NoSQL Data Modeling#

Relational databases optimize for storage efficiency. NoSQL databases optimize for query efficiency. This fundamental difference changes everything about how you model data.

Relational vs NoSQL Mindset#

In relational modeling, you normalize first and worry about queries later:

Users table → Orders table → OrderItems table → Products table
4 JOINs to answer "What did user X buy?"

In NoSQL modeling, you start with the queries:

Access pattern: "Get all orders for user X with product details"
→ Design a single document or item that answers this in one read

The golden rule: model for access patterns, not for entities.

Document Databases (MongoDB)#

Documents store nested, hierarchical data as JSON-like objects. The key decision is embedding vs referencing.

Embed When#

Data is read together frequently
Child data belongs to exactly one parent
The embedded array won't grow unbounded

// Order document — embed line items
{
  "_id": "order_123",
  "userId": "user_456",
  "status": "shipped",
  "items": [
    { "productId": "prod_A", "name": "Keyboard", "price": 89, "qty": 1 },
    { "productId": "prod_B", "name": "Mouse", "price": 49, "qty": 2 }
  ],
  "shipping": {
    "address": "123 Main St",
    "carrier": "FedEx",
    "tracking": "FX123456"
  }
}

Reference When#

Data is shared across documents (many-to-many)
Embedded arrays would grow without bound
You need independent updates

// Blog post — reference author (shared across posts)
{
  "_id": "post_789",
  "title": "NoSQL Patterns",
  "authorId": "author_42",
  "tagIds": ["tag_nosql", "tag_databases"]
}

The Subset Pattern#

Store frequently accessed fields inline and full data separately:

// Product listing (fast reads)
{ "_id": "prod_A", "name": "Keyboard", "price": 89, "thumbnail": "kb.jpg" }

// Product detail collection (full data)
{ "productId": "prod_A", "specs": { ... }, "reviews": [ ... ], "warranty": { ... } }

Key-Value Stores (Redis, DynamoDB)#

Key-value stores are the simplest and fastest NoSQL model.
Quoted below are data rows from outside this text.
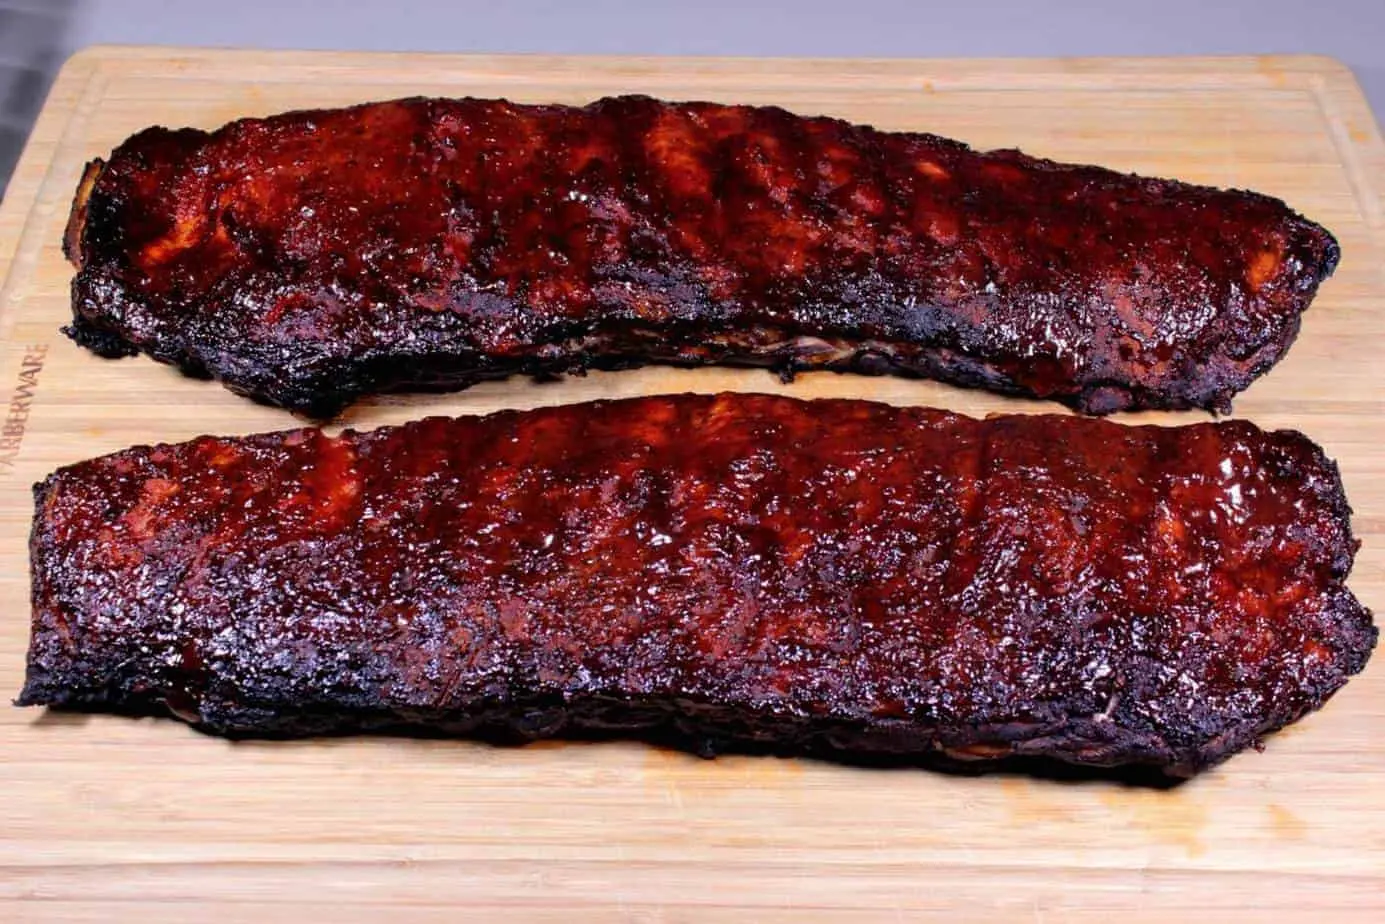 123 smoked ribs - How long to smoke ribs at 120 degrees celsius
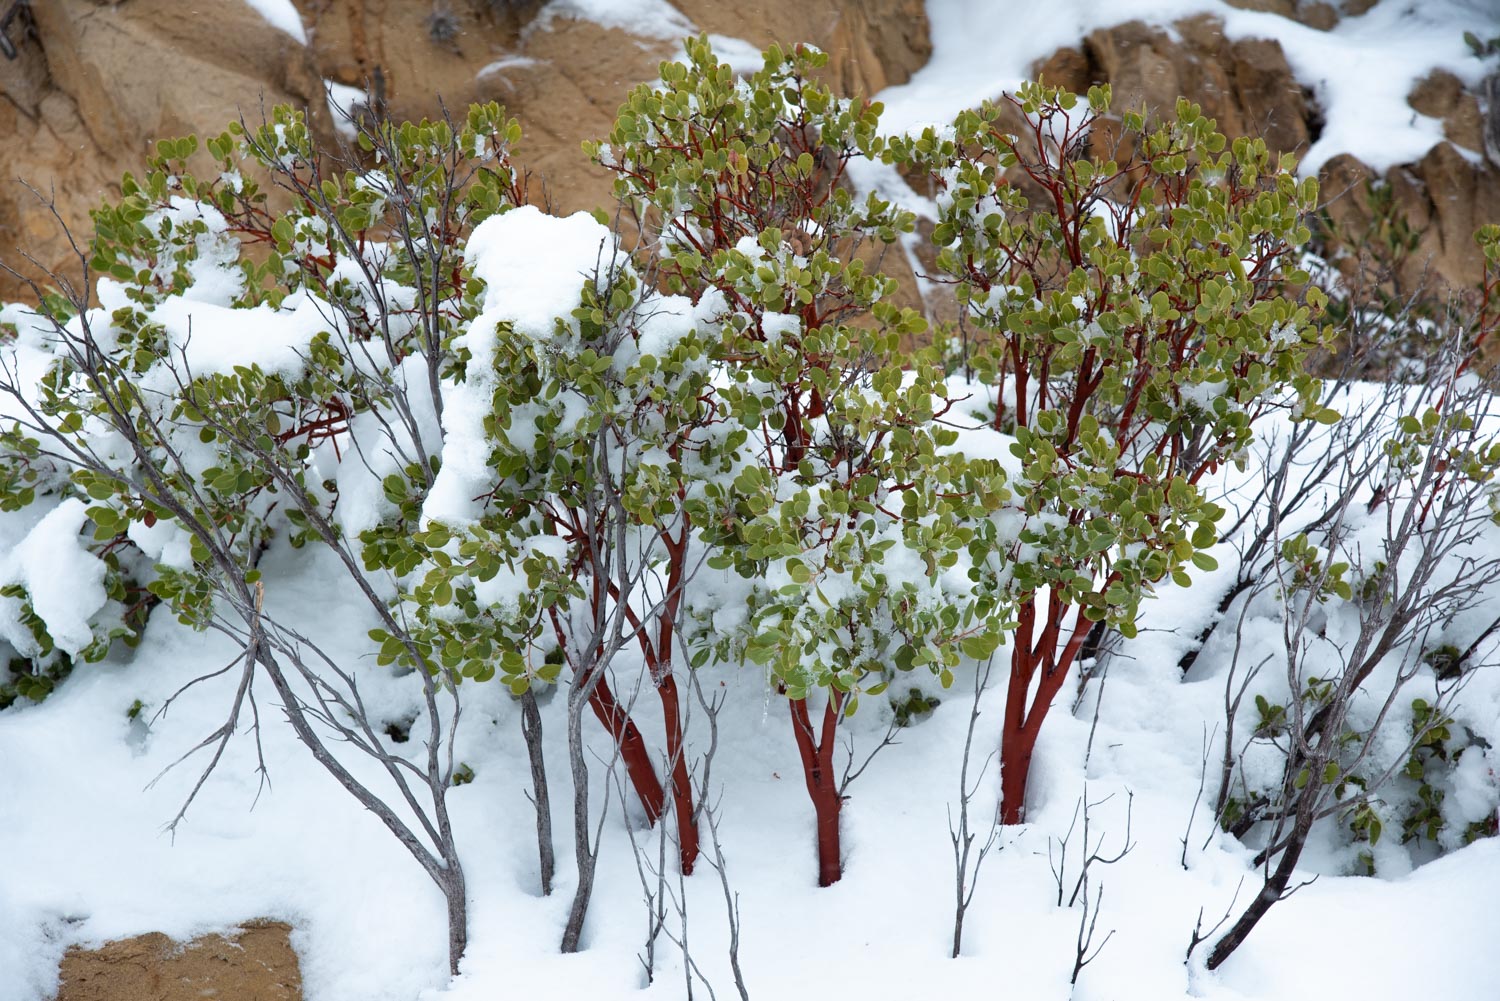 Manzanita (Arctostaphylos sp.) En la nieve
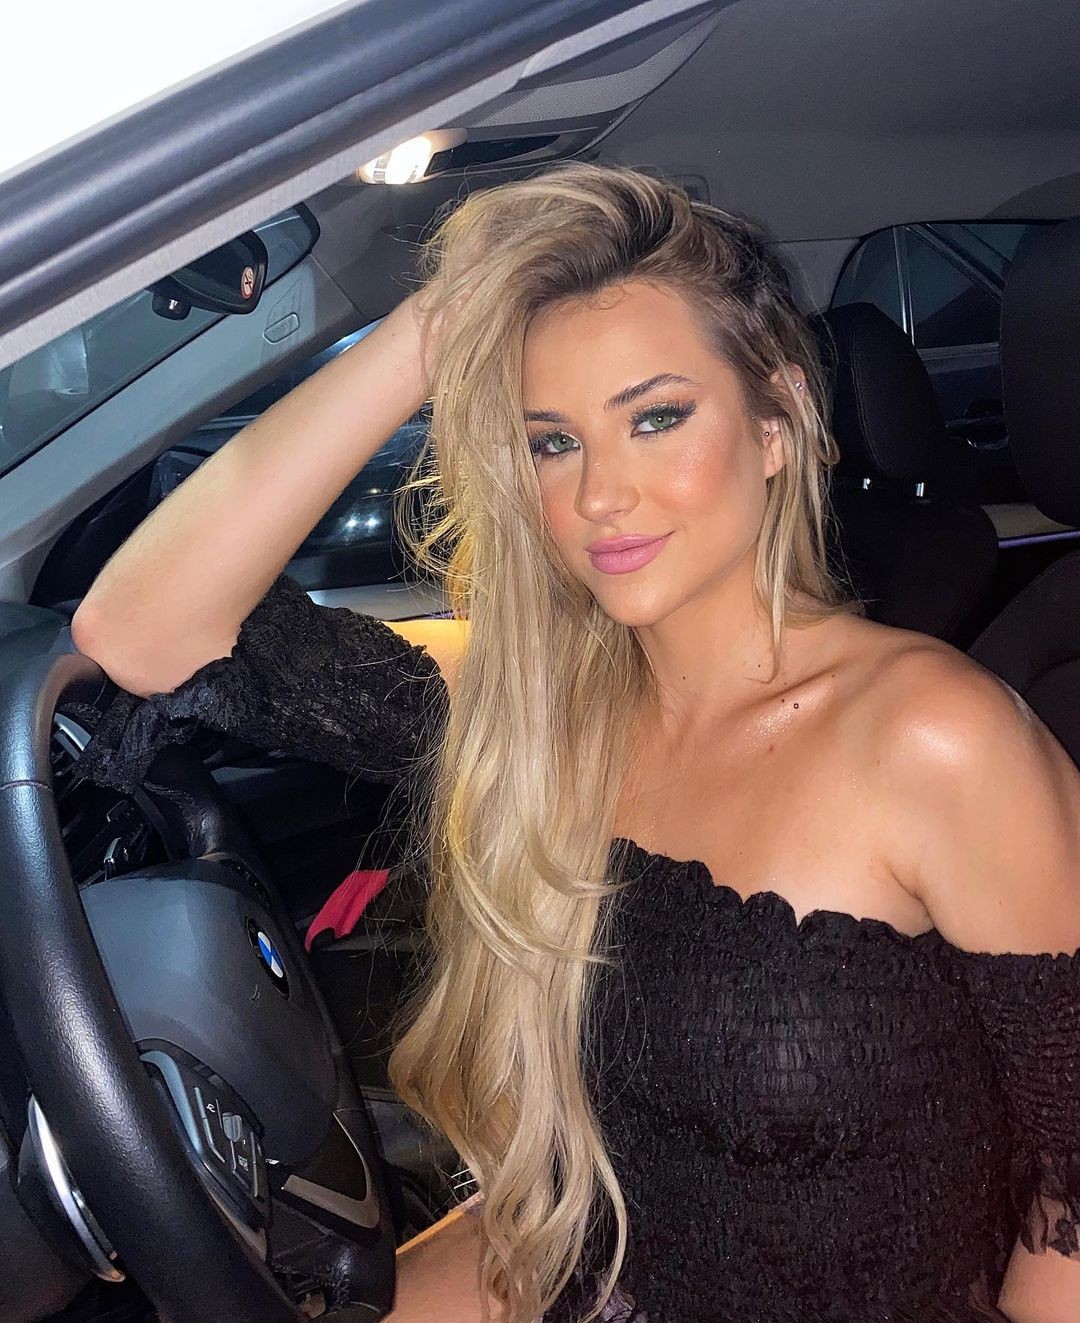 Gabi Martins posa linda dentro de carro e brinca: "Se me vissem oferecendo carona" (Foto: Reprodução/Instagram)

Everything revolves around key design.

Redis Patterns#

// Session store
SET session:abc123 '{"userId":"u1","role":"admin"}' EX 3600

// Leaderboard
ZADD leaderboard 9500 "player_1"
ZADD leaderboard 8700 "player_2"
ZREVRANGE leaderboard 0 9    // top 10

// Rate limiting
INCR ratelimit:user42:minute
EXPIRE ratelimit:user42:minute 60

DynamoDB Single-Table Design#

DynamoDB charges per table and per read/write. Single-table design puts all entities in one table using generic partition and sort keys:

PK                  | SK                  | Data
--------------------|---------------------|------------------
USER#u1             | PROFILE             | {name, email}
USER#u1             | ORDER#o1            | {status, total}
USER#u1             | ORDER#o2            | {status, total}
ORDER#o1            | ITEM#i1             | {product, qty}
ORDER#o1            | ITEM#i2             | {product, qty}
PRODUCT#p1          | METADATA            | {name, price}

Query "all orders for user u1":

PK = "USER#u1" AND begins_with(SK, "ORDER#")

Query "all items in order o1":

PK = "ORDER#o1" AND begins_with(SK, "ITEM#")

One table, zero joins, predictable latency at any scale.

GSI Overloading#

Use generic Global Secondary Indexes for alternate access patterns:

GSI1-PK             | GSI1-SK             | Use Case
--------------------|---------------------|------------------
STATUS#shipped      | 2026-03-28#o1       | Orders by status + date
EMAIL#mo@co.io      | USER                | User lookup by email

Wide-Column Stores (Cassandra)#

Cassandra excels at high write throughput and time-series data. You design tables around queries — one table per query pattern.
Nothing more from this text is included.